Иначе говоря, Рита и есть первый во вселенной договор, обряд согласия или свойства. Люди в своей истории повторяют архетипы божественной истории, а собственные архетипы возводят в ранг божественных деяний. Боги устанавливают Риту и сами потом ей подчиняются. Причем, она остается невидимой для смертных, как все само собой разумеющееся. Для того чтобы прозревать законы и Риту, человеку нужно стать бессмертным, то есть дваждырожденным. И не только через какие-то физические обрядовые действия, но и через ученичество. В этом смысле Упанаяна, безусловно, существовала в Древней Руси. Мать Сыра Земля, Солнечная (мать, сестра, дочь) и Мать знания – это все различные ипостаси одной и той же Великой Богини-Матери. Как мать Земли она, на мой взгляд, именовалась Середа, как мать Солнца – Макошь, а как Мать знания – Премудрость Божия или просто Премудрость, Премудрая Дева. Были у нее и другие ипостаси. Во время моего личного ученичества на Владимирщине я еще слышал выражение Ясное Сознание, связанное с понятием мудрости. Может быть, это означает, что, по народным представлениям, мудростью владеет Луна. Возможно, косвенным подтверждением этого является определение хорошего ума как холодного в противоположность жару страстей, который гораздо больше соответствует Земле и Солнцу. Еще одной ипостасью ее является Жива – сила жизни в человеке, соответствующая Жниве растений. Жива живет в Животе, Середа – в Сердце, Макошь – в Макушке. Такое деление человеческого Состава по богам мне удалось записать у потомков офеней и скоморохов. Если мы сопоставим это со сказками, то обнаружим там три Бабы-Яги, указующие путь герою, а также три девы-царицы подземных царств – Медного, Серебряного и Золотого. Судя по всему, это те же самые персонажи, выглядящие то прекрасными, то уродливыми и страшными. Иногда это даже совмещается в одном персонаже, например, немецкая Гольда, сопоставляемая многими исследователями с нашей Бабой-Ягой, выглядит прекрасной девой спереди и ужасной старухой сзади (Потебня).

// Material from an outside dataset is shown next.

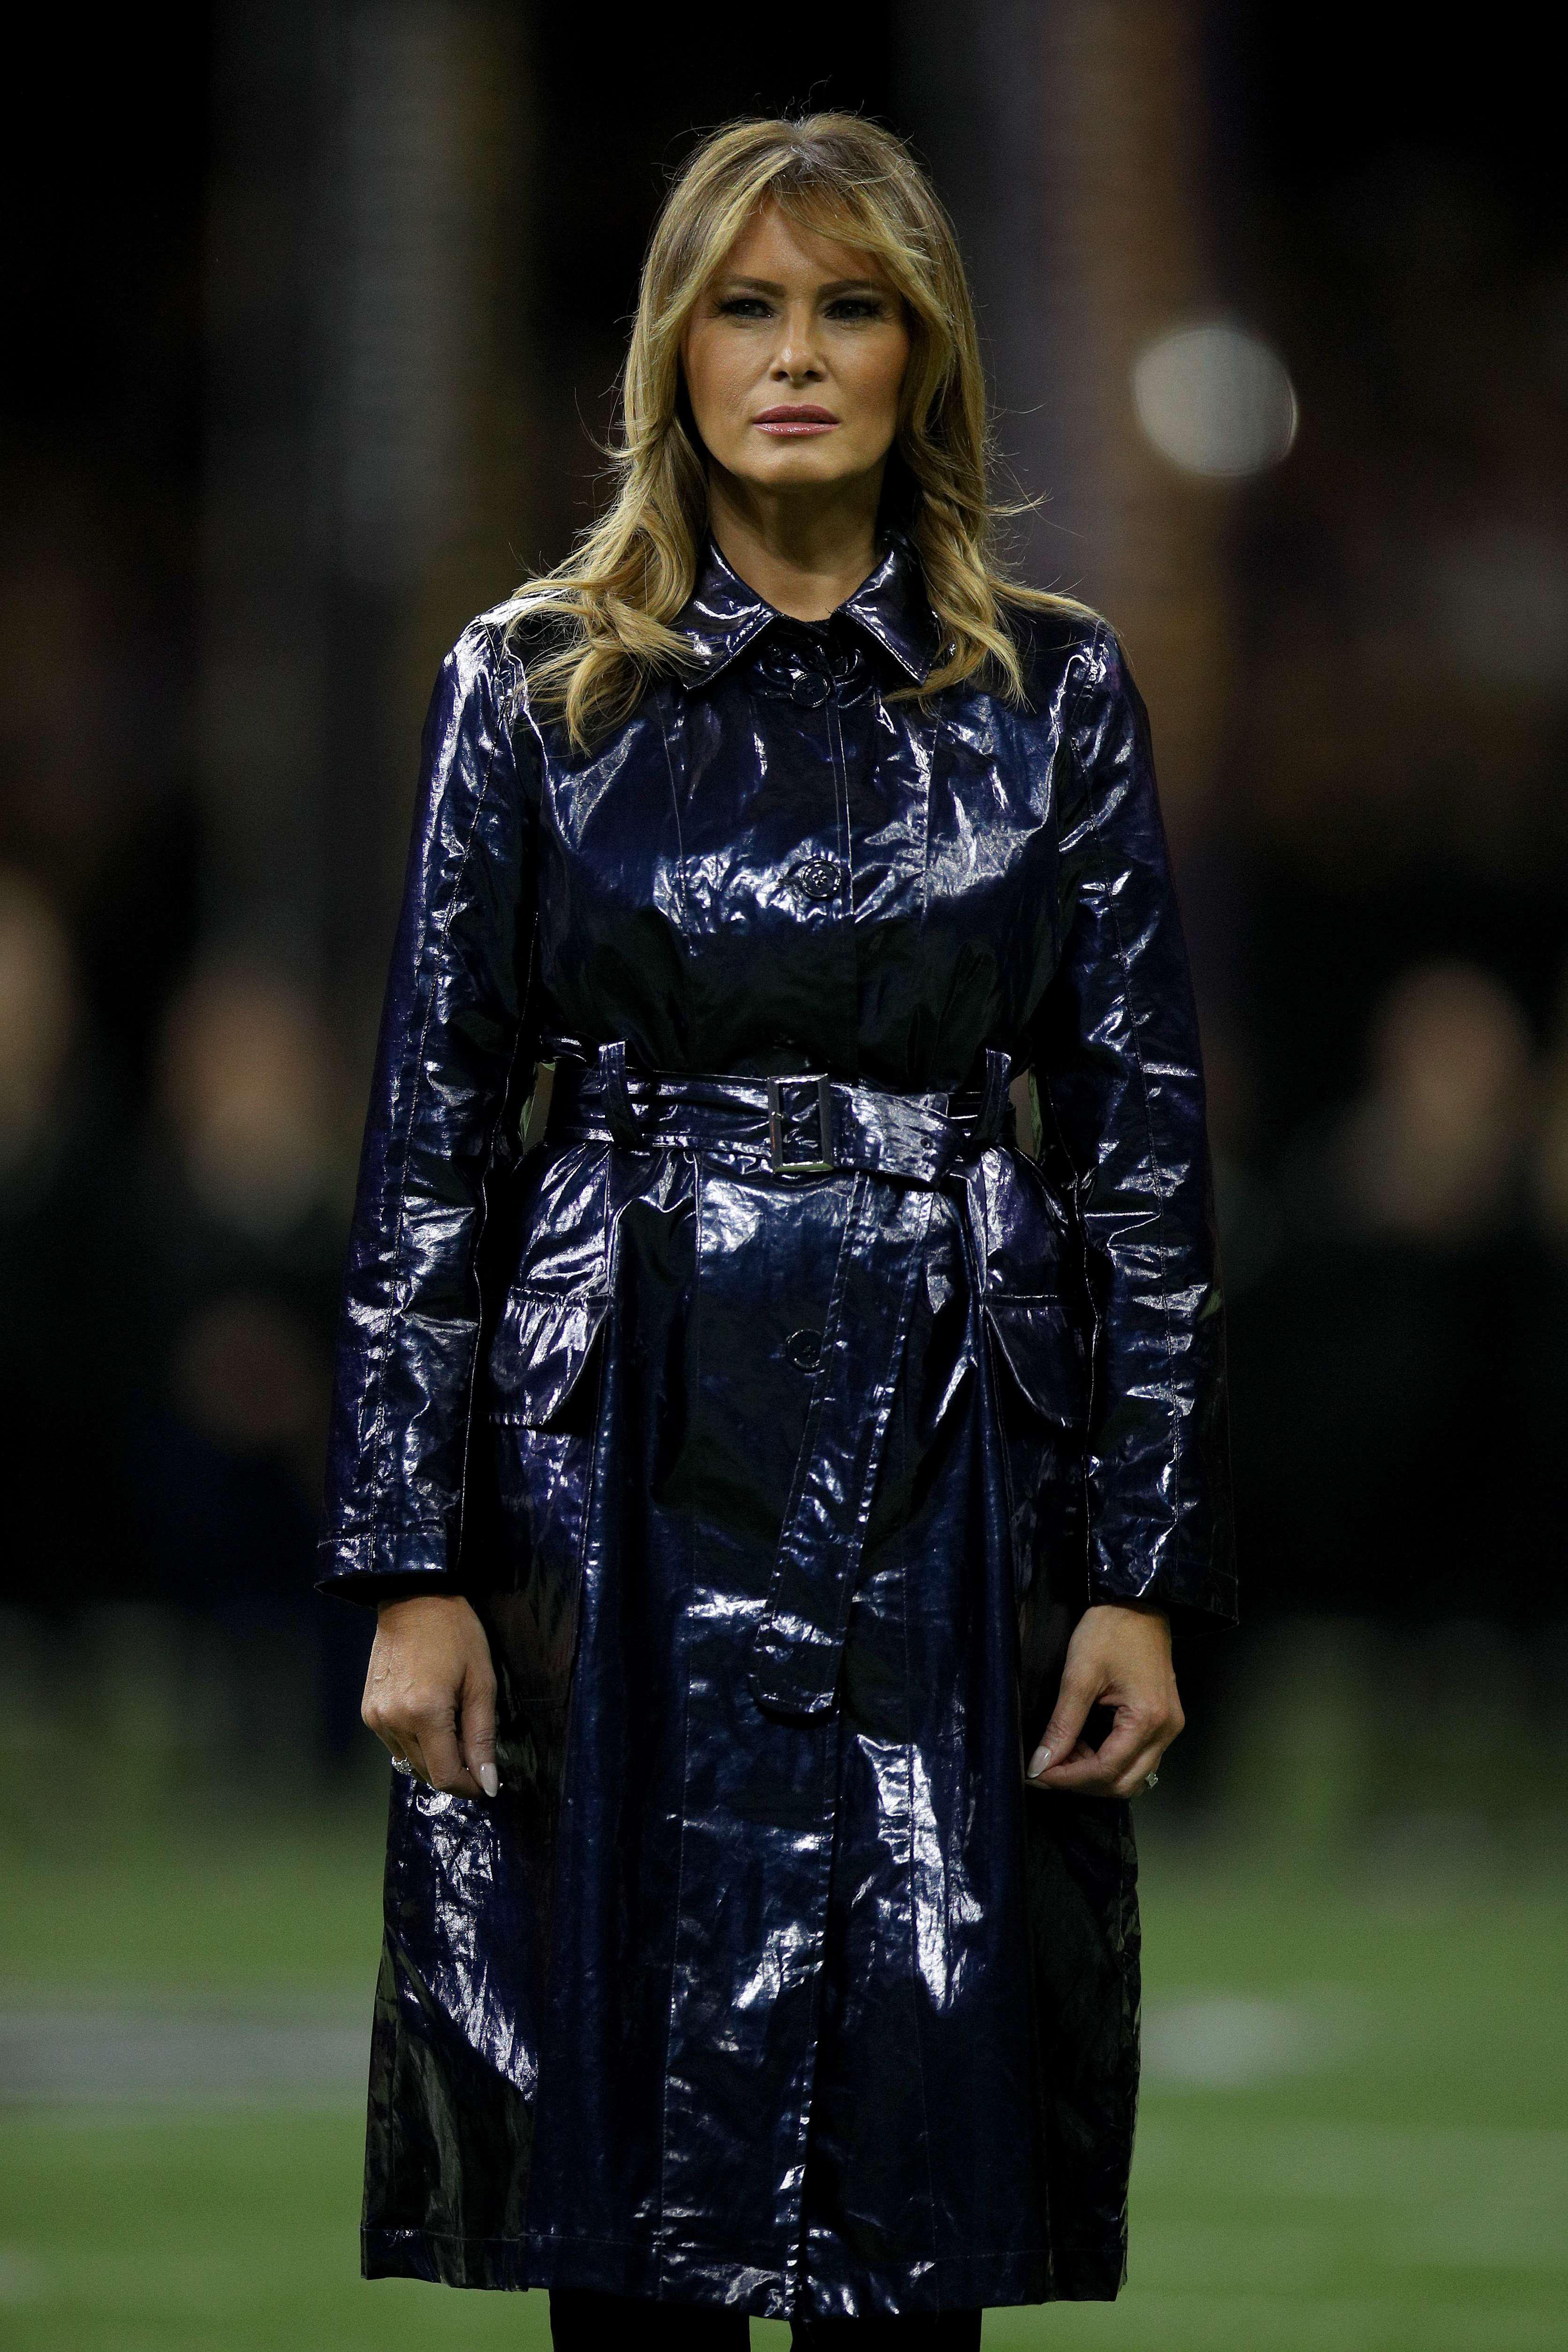 Melania Trumpın ceketi sosyal medyayı karıştırdı
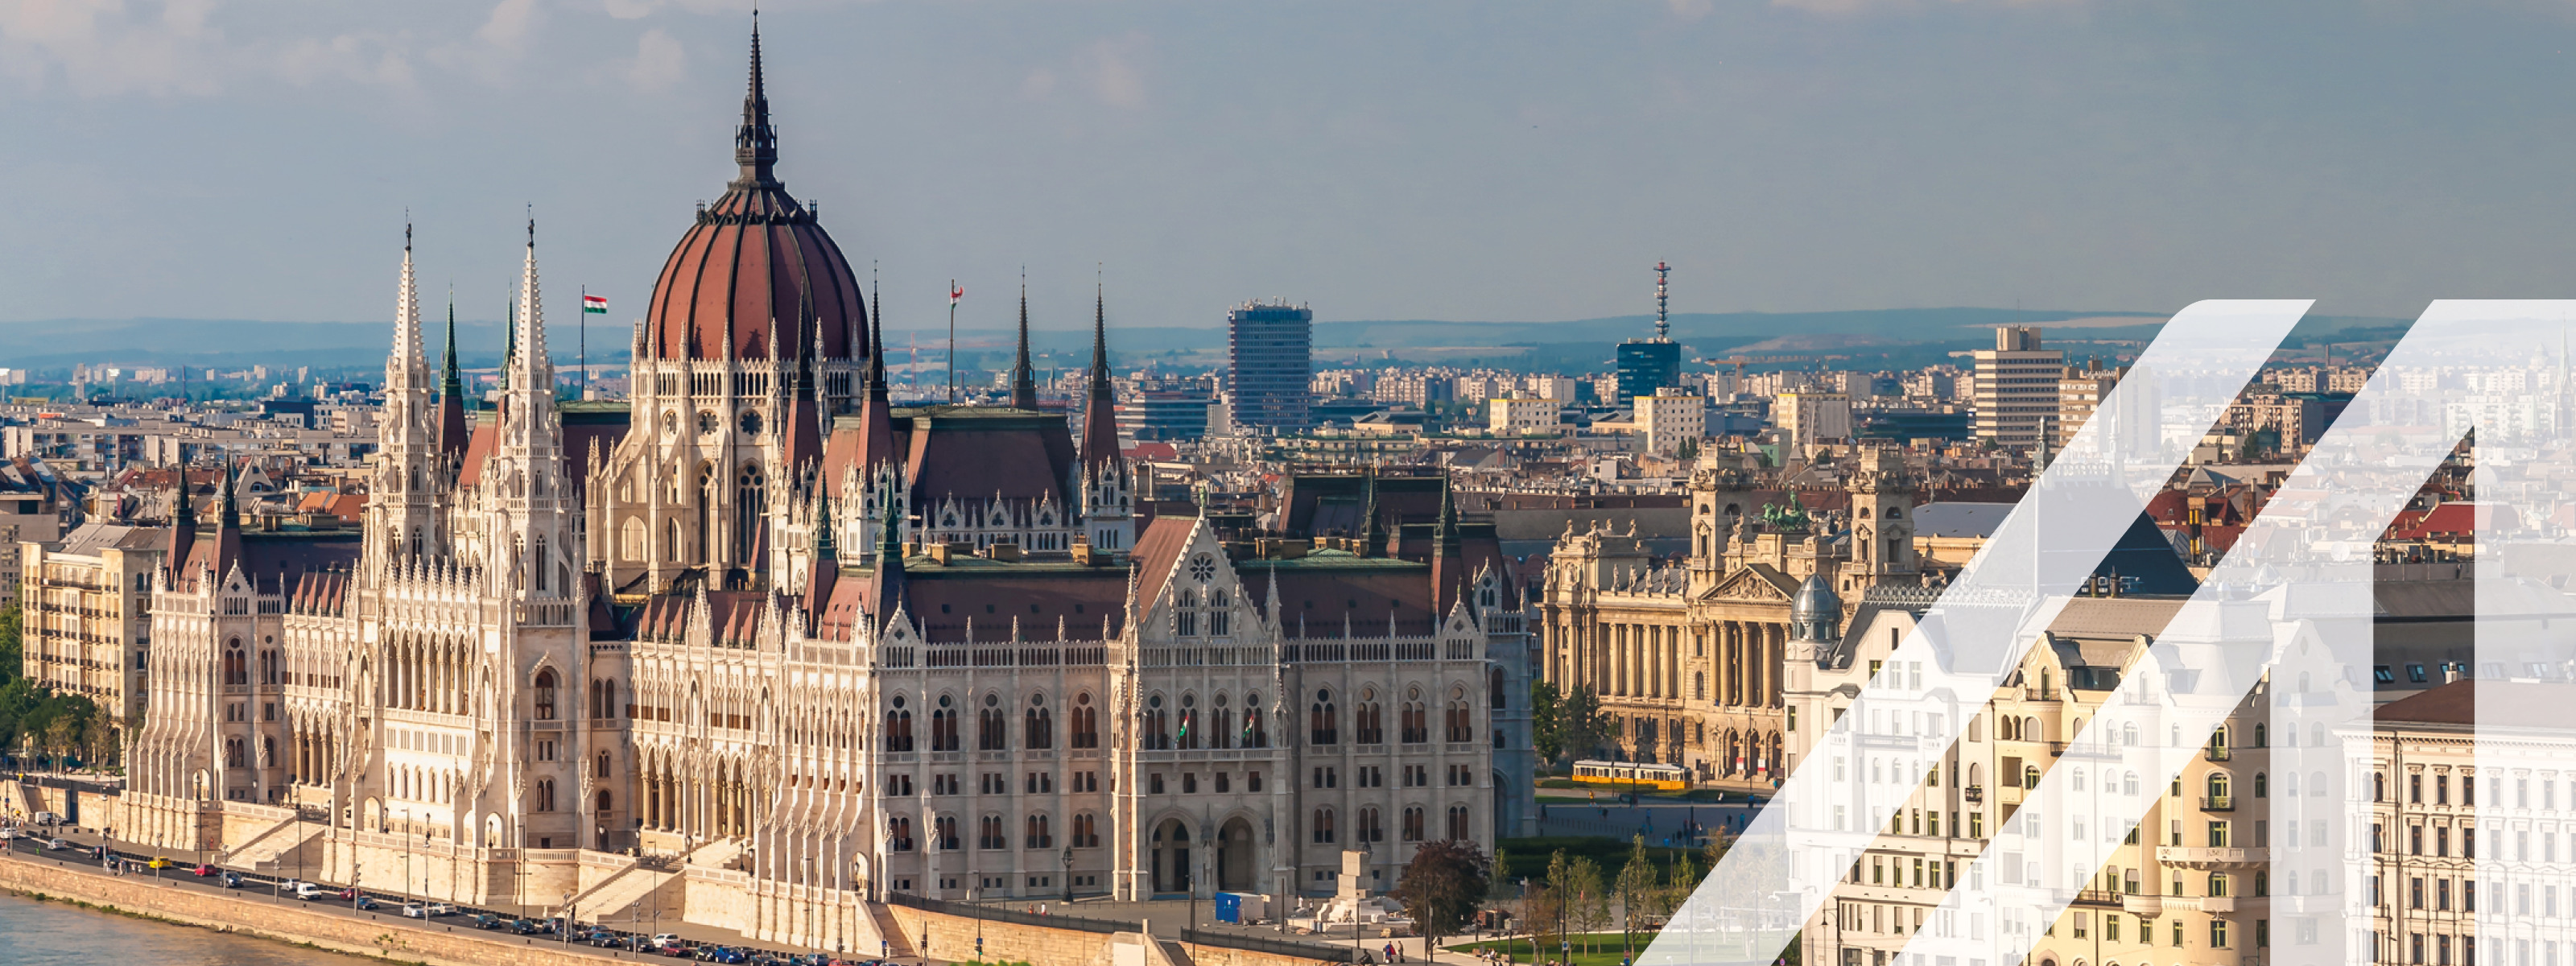 Blick auf das ungarische Parlament in Budapest, gelegen an der Donau

Современные исследователи в основном соотносят Бабу-Ягу с Богиней смерти: «Баба-Яга – известный персонаж славянских волшебных сказок. Исторические корни этого образа в общем виде достаточно выявлены. Прежде чем стать сказочным персонажем, Баба-Яга была существом мифологическим – славянской богиней смерти» (Лаушкин). Зато они опускают время возникновения этого образа в очень отдаленное прошлое. Если учесть иностранный материал по сходным мифологическим образам, то, наверное, можно говорить об индоевропейских корнях образа Бабы-Яги. Происхождение же Яги от Змеи, которое впервые начал подозревать еще Афанасьев, а К. Лаушкин довольно определенно доказывает, опускает нас в каменный век во времена шаманизма. Это особенно интересно с точки зрения этнопсихологии, потому что восприятие сверхъестественных существ, носителей знания в виде Змеев характерно не только для людей древности, но и для практикующих шаманизм сейчас. Причем, как описывает это американский антрополог М. Д. Харнер, при употреблении определенного психоделического напитка ему самому, то есть человеку европейской культуры двадцатого века, довелось столкнуться с подобными существами во время транса. Означает ли это некую реальность мира, наличие в нашем сознании соответствующих архетипов мышления или указывает на определенную механику психики – не так уж важно. Главное, что это совершенно определенная тема для исследований того феномена, что именуется Человек. Понятие же смерти и Богини смерти для той эпохи принципиально отлично от нашего. Оно соотносится и со Знанием и с переходами по состояниям.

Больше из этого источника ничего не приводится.